Он поднял в руке фигурку обнаженной женщины, когда-то служившей ручкой для печатки.
— Вы знаете, что это? Двадцать лет назад я приводил в порядок печать маркизы де Верни…
Камелина выхватил у него фигурку и бросил мастеру. Тот поймал ее на лету и отправил в котел.
Файзулла вытер с лица пот ладонями обеих рук.
— Это значит — дешевое отношение к своему делу, — сказал он. — Вы могли бы иметь в пять раз больше золота.
Камелина подозвал его к следующему столу:
— Вот пойдите-ка сюда лучше, посмотрите на эти штучки.
— Ты когда-нибудь видел мощи, Франсуа? — спросил ювелира мастер. — Вот, к примеру, святая Бригитта. — Мастер взял в руки золотой ковчежец и ковырнул его шилом, как раскрыл устрицу.
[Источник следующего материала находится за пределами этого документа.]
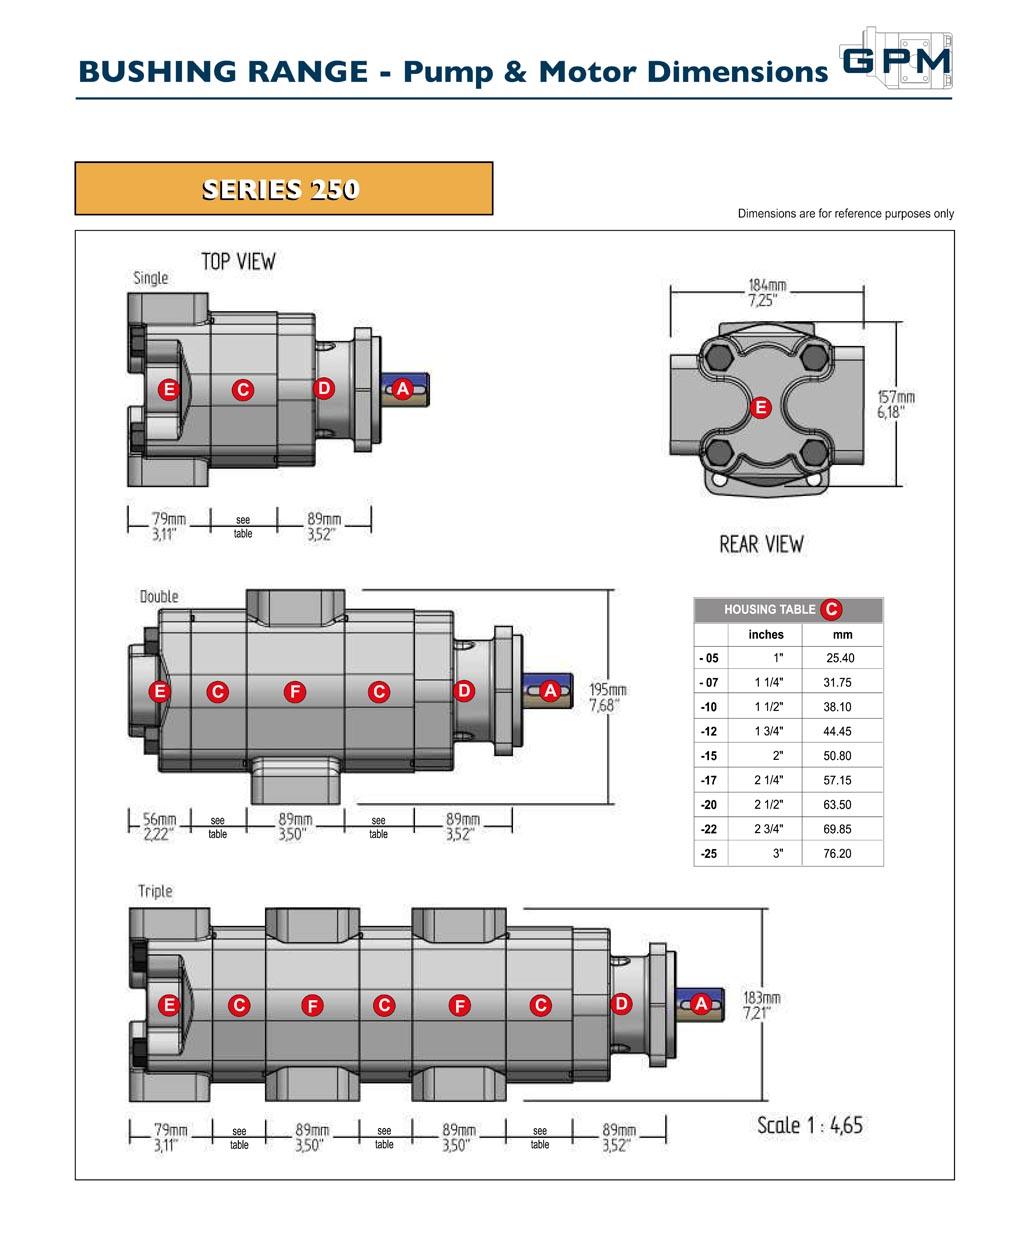 GPM Bushing Pump & Motor Dimensions-3

Из ковчежца вывалился черный сустав пальца. Потом он сделал два движения рук, слитых в одно, и ковчежец полетел к тигелю, а палец в ящик у ног. — Теперь посмотрим святого Дениса.
Ювелир отвел его руку.
— Камелина! — сказал он и оглянулся, ища поддержки своему отчаянию. — Вы, Камелина, попрежнему такая же скотина, как были раньше, когда работали у меня. Я предлагаю вам настоящие деньги. Я даю двадцать тысяч франков за каждый ларчик, если он не открыт. Вы оглохли? Господин Курбэ, вы же великий мастер, скажите ему. Это же невежество, на чем свет стоит, что вы делаете!.. Я даю вам — глухой вы! — двадцать тысяч за каждый кусок этого дерьма в золотой коробке ценой в пятьдесят франков.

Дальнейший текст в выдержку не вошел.